**Given data**

▼▼▼

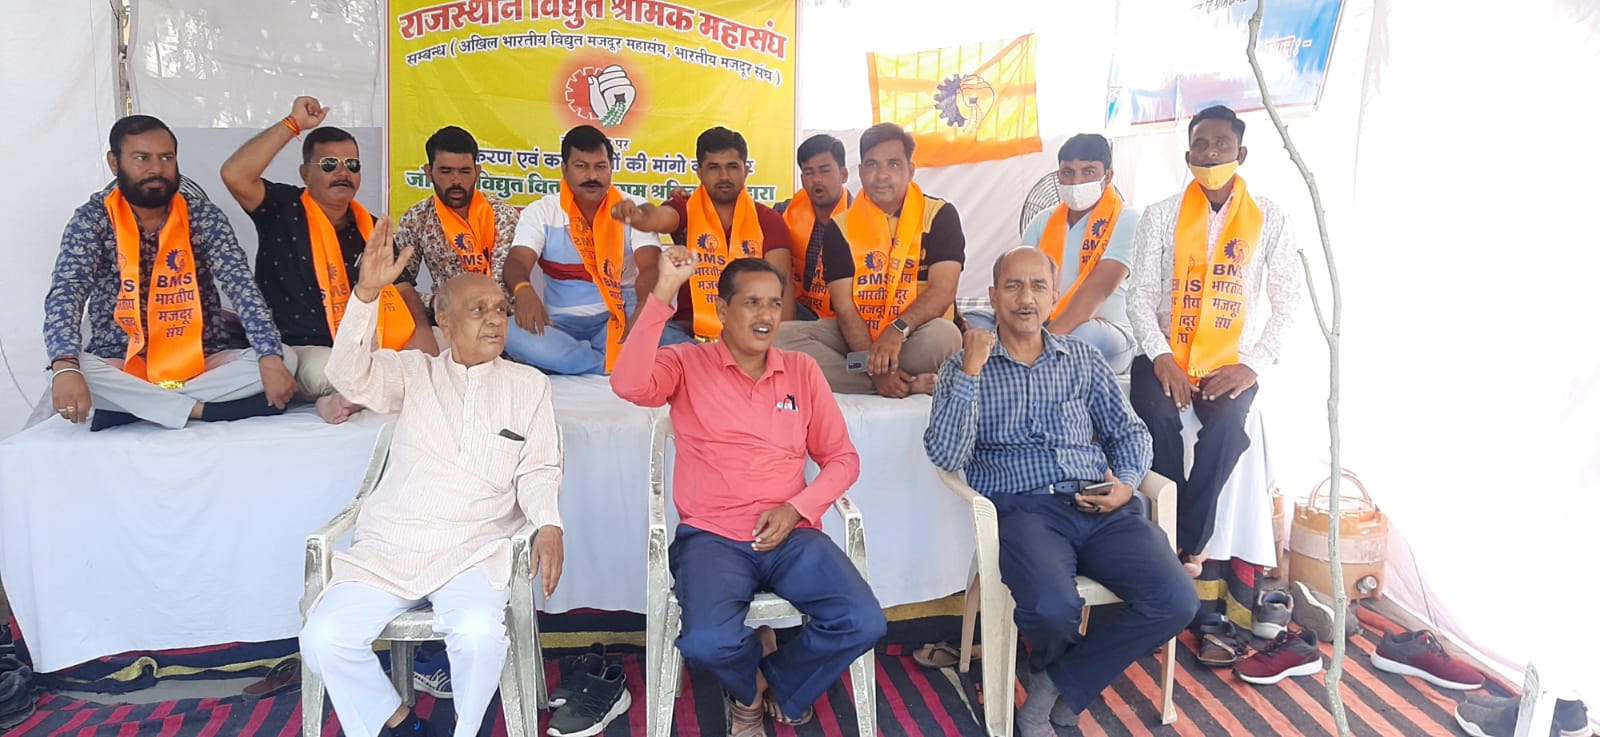 राजस्थान विधुत श्रमिक महासंघ संघ का धरना जयपुर में सातवें दिन भी जारी
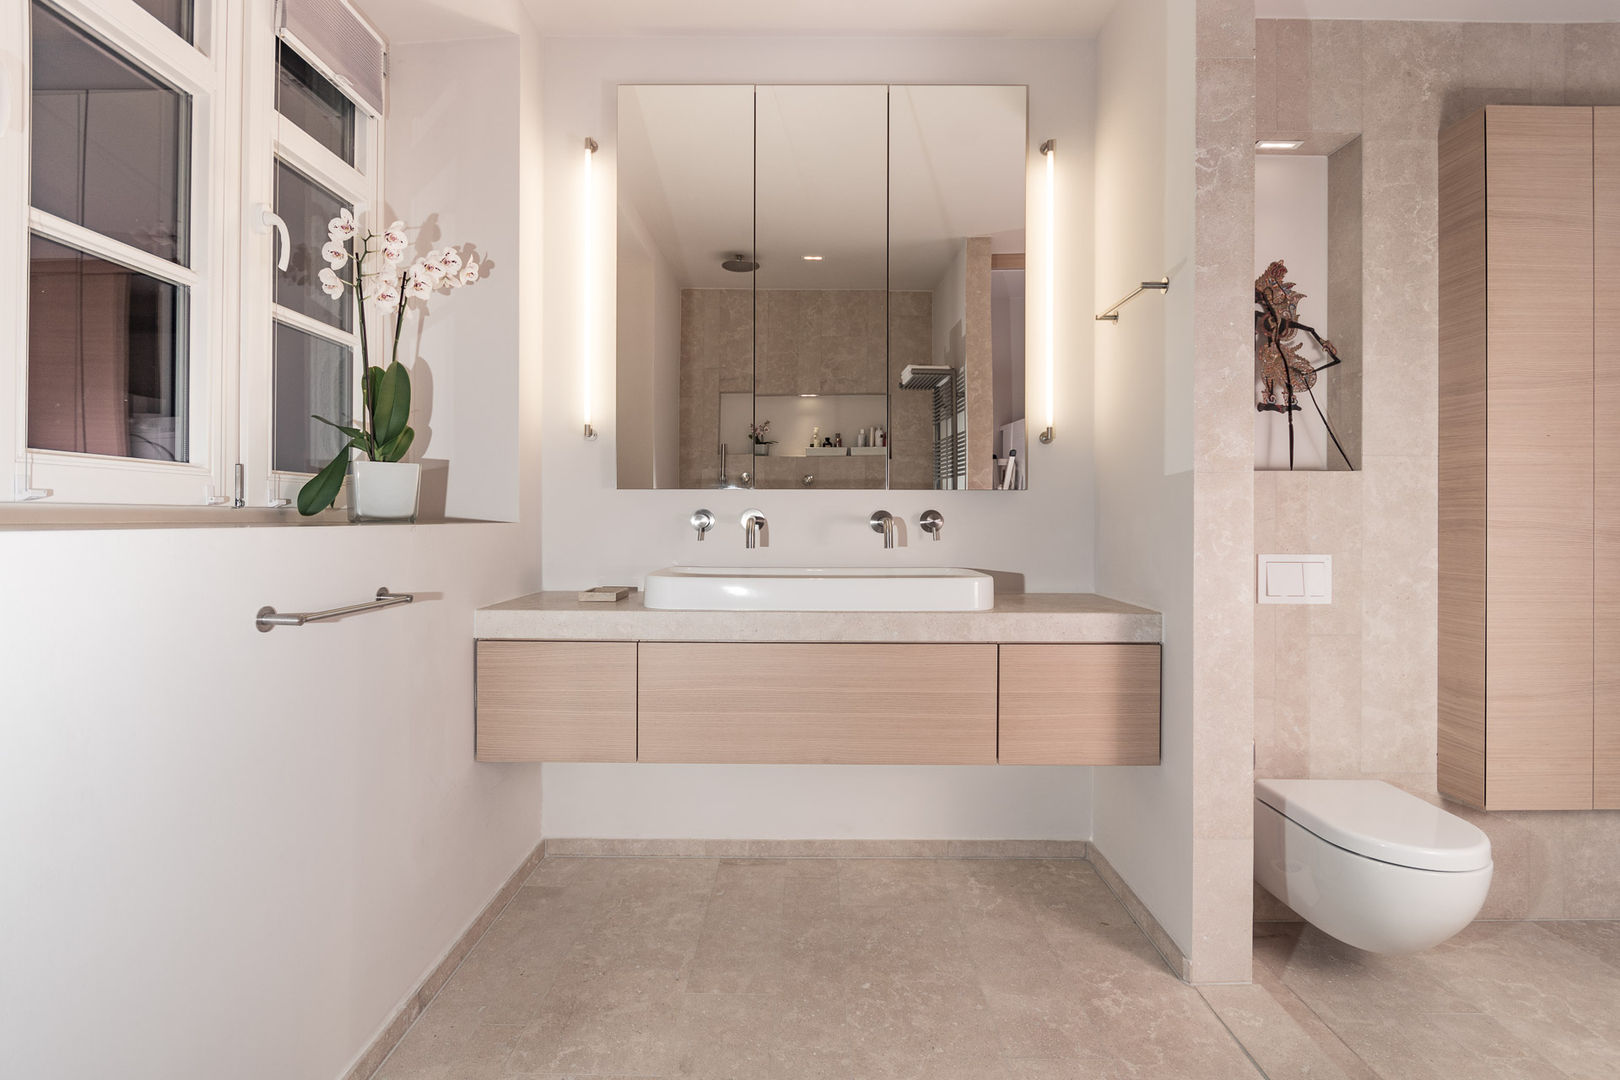 ทันสมัย โดย Vivante, โมเดิร์น bathroom,basin,interior,design,basin
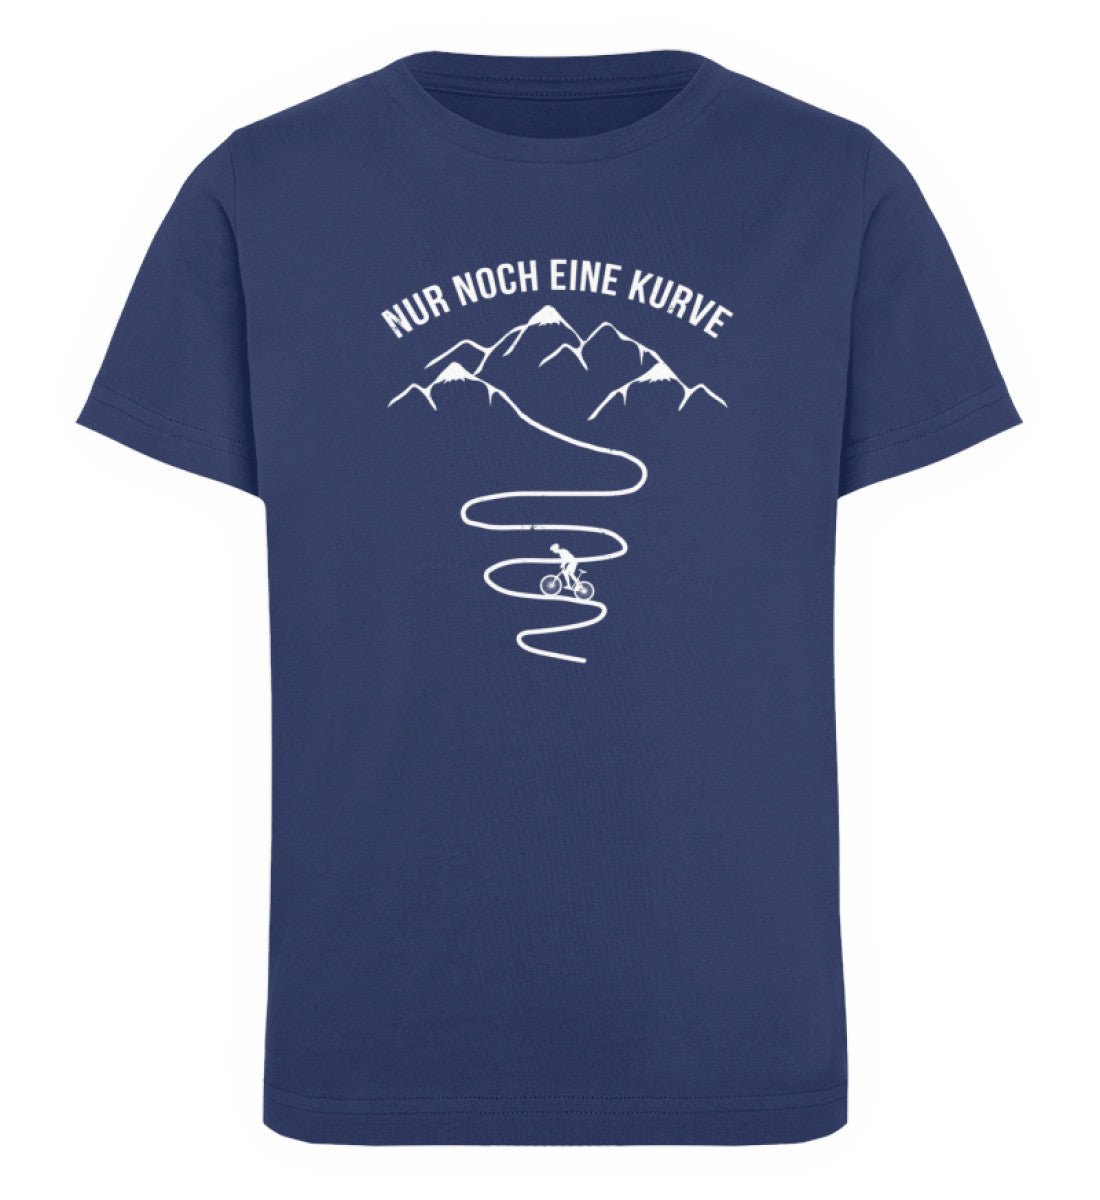 Nur noch eine Kurve und Radfahrer - Kinder Premium Organic T-Shirt fahrrad mountainbike Navyblau

▲▲▲

**Problem to work on**
Omit the pictures, then copy out all the data exactly as it stands.

**Answer space**
 राजस्थान विधुत श्रमिक महासंघ संघ का धरना जयपुर में सातवें दिन भी जारी
 ทันสมัย โดย Vivante, โมเดิร์น bathroom,basin,interior,design,basin
 Nur noch eine Kurve und Radfahrer - Kinder Premium Organic T-Shirt fahrrad mountainbike Navyblau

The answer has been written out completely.